### DATASET EXCERPT ###

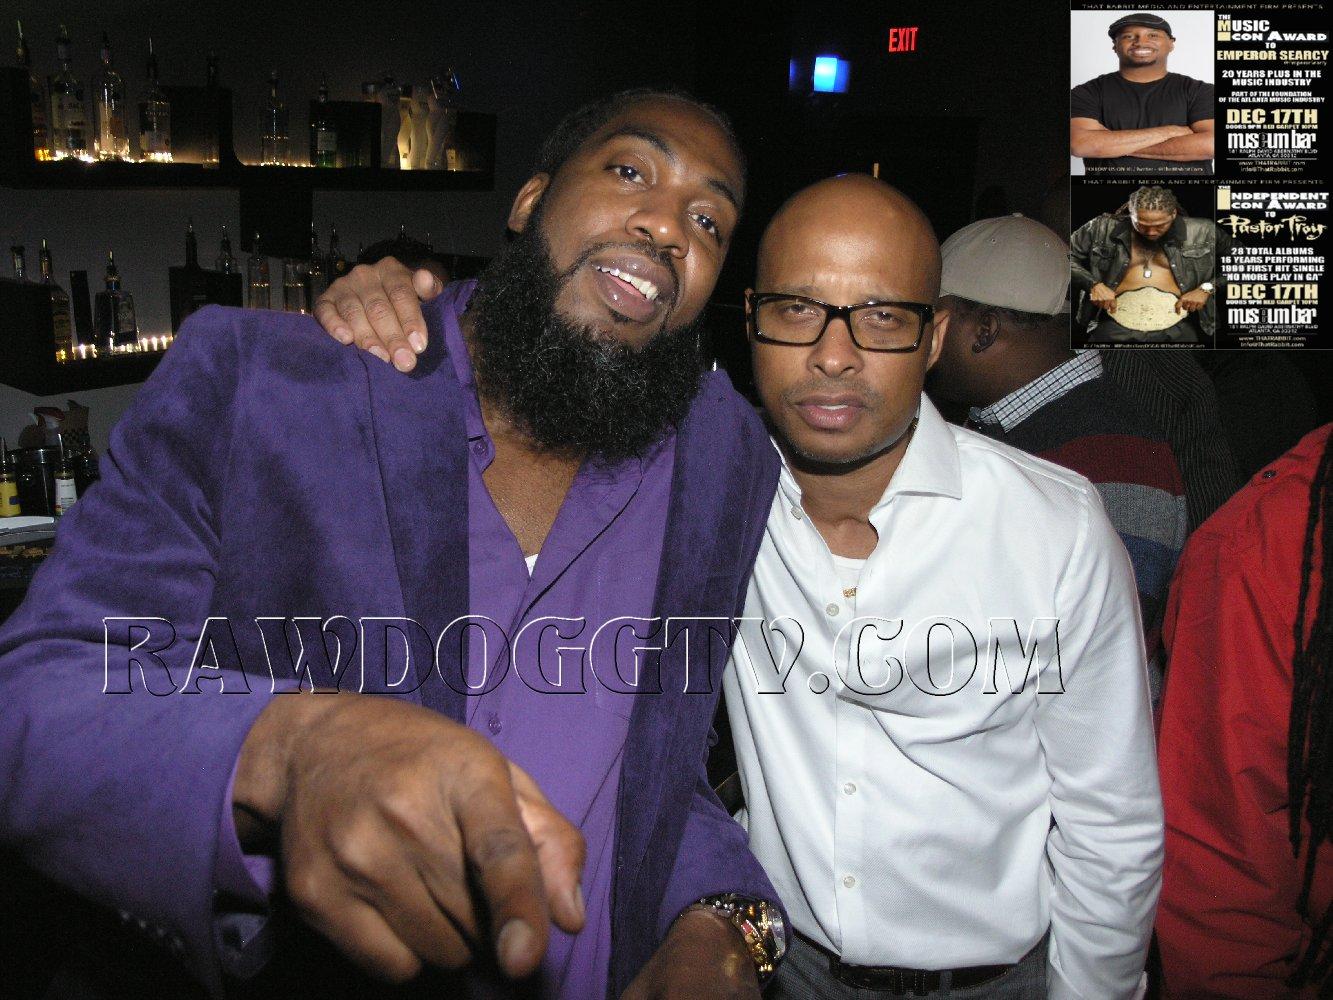 ThatRabbit Magazine Photos-ATL Legends Reunion-The Music Icon Award-Museum Bar Atlanta-Ray Hamilton- dec 17 2015 RAWDOGGTV 305-490-2182 (113)
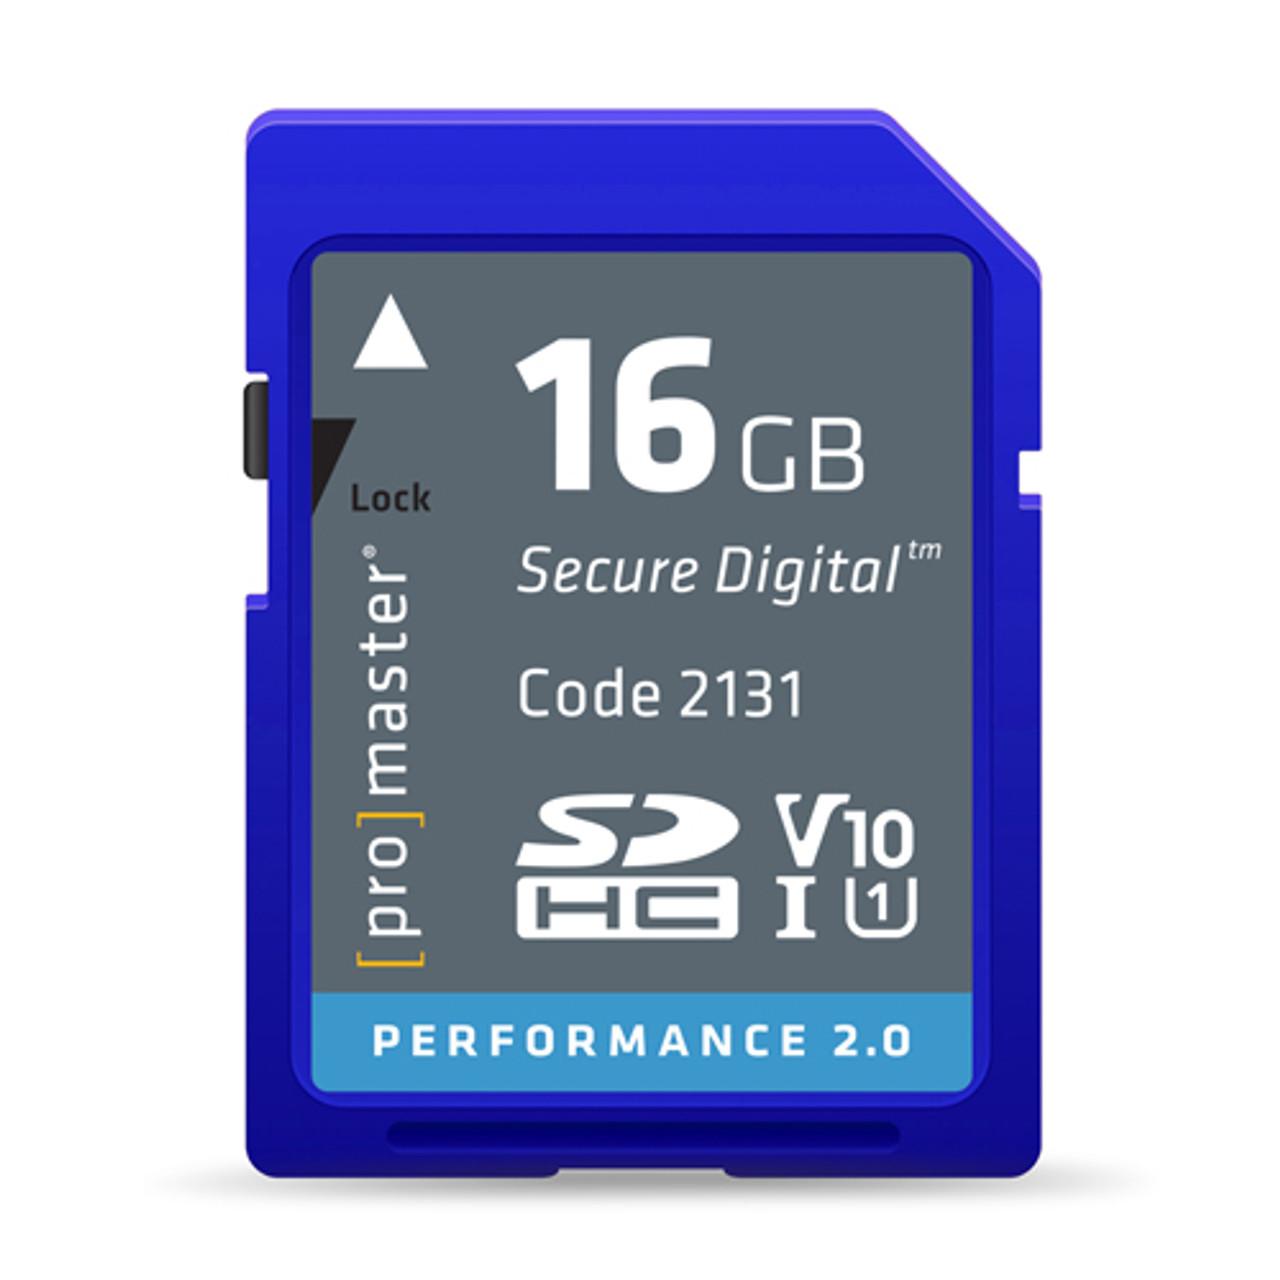 Promaster 16GB Performance 2.0 SDHC V10 Memory Card
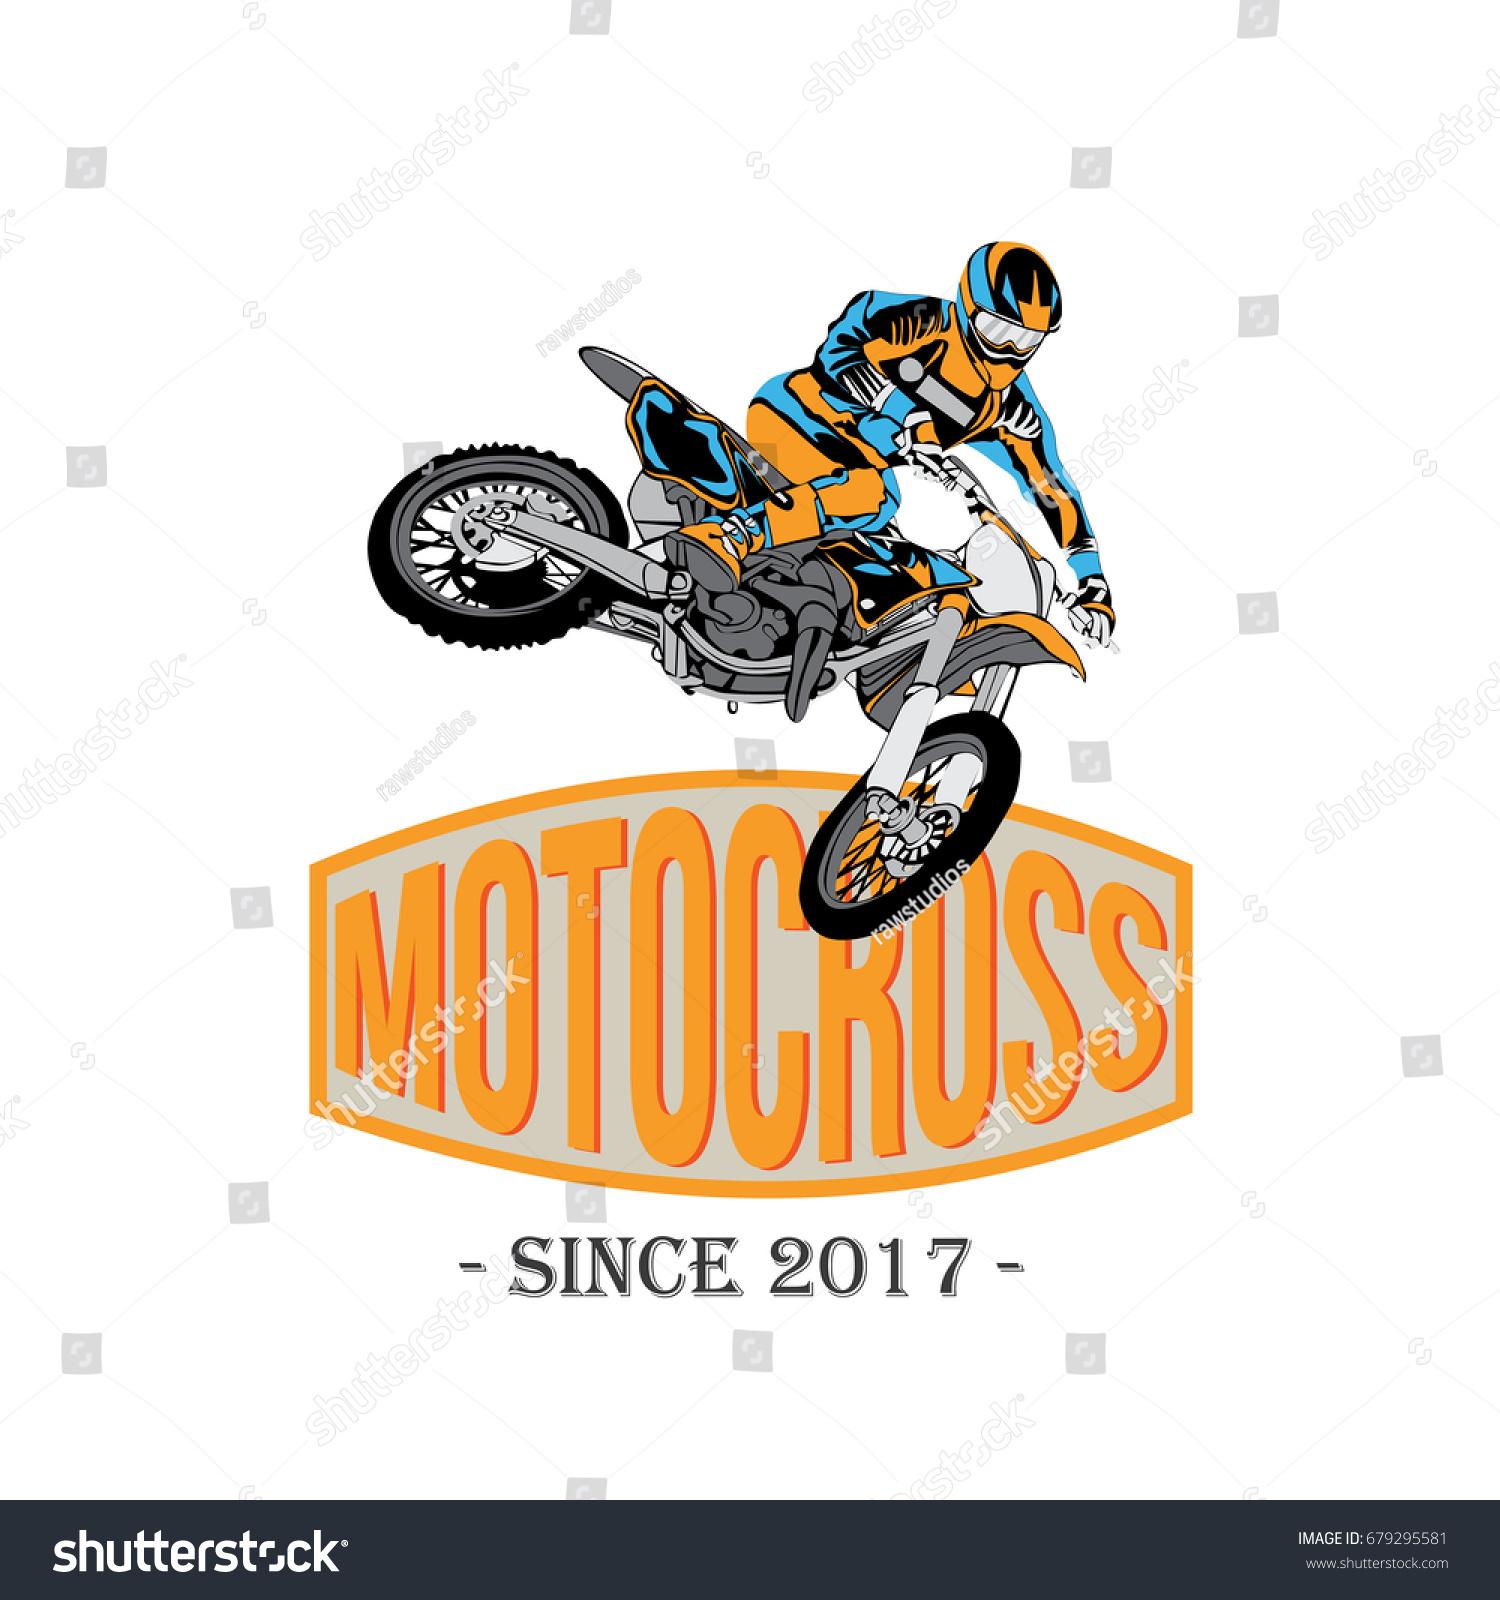 Vintage Motocross Rider Badge Logo Design Stock Vector Royalty Free 679295581
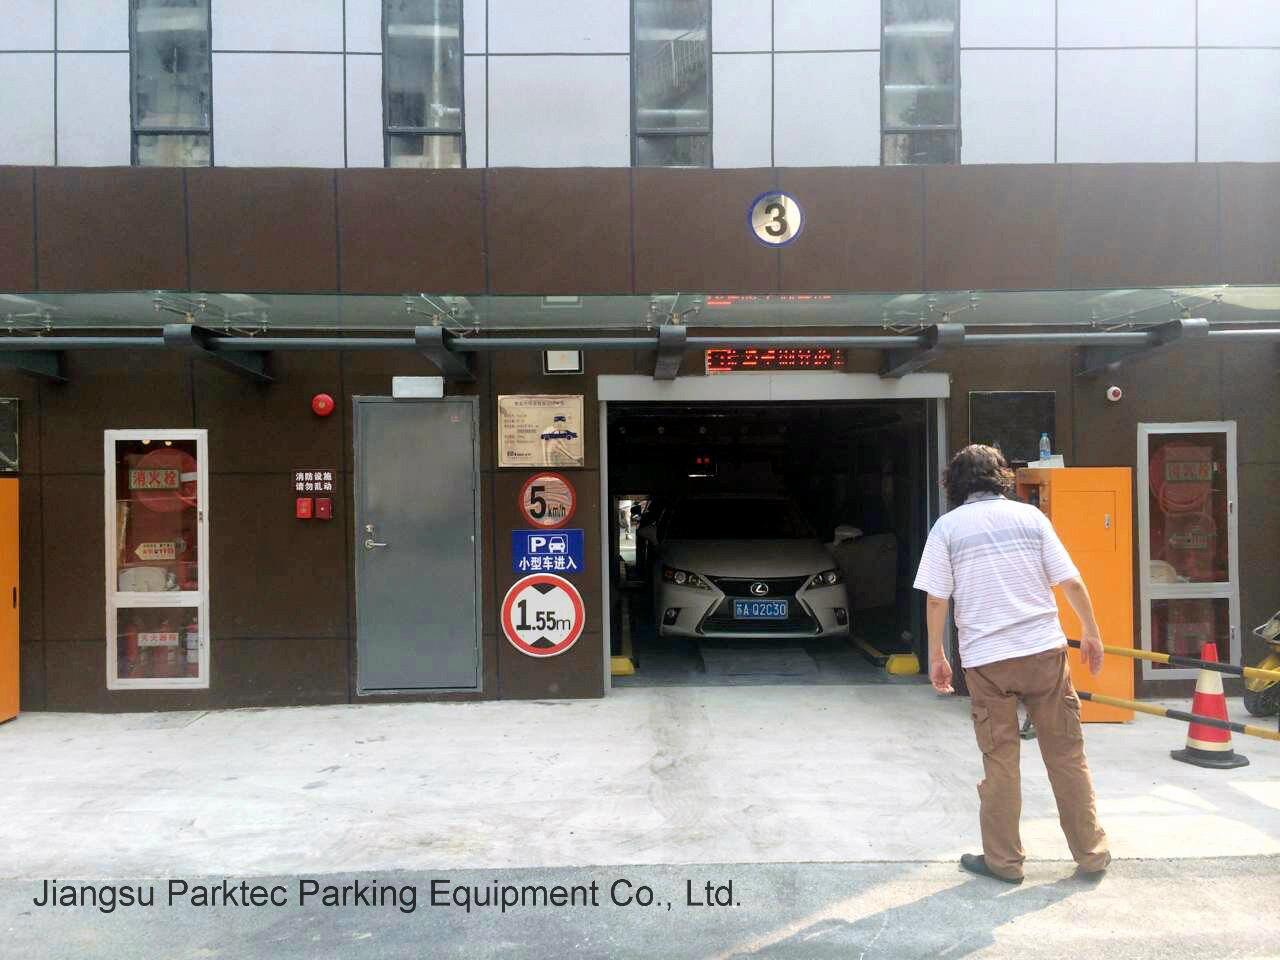 Tower Type Robotic Parking Equipment

###

WHAT IS BEING ASKED – Pictures do not belong in the copy; repeat the rest of the listing exactly.

ANSWER FOR THE TASK –
 ThatRabbit Magazine Photos-ATL Legends Reunion-The Music Icon Award-Museum Bar Atlanta-Ray Hamilton- dec 17 2015 RAWDOGGTV 305-490-2182 (113)
 Promaster 16GB Performance 2.0 SDHC V10 Memory Card
 Vintage Motocross Rider Badge Logo Design Stock Vector Royalty Free 679295581
 Tower Type Robotic Parking Equipment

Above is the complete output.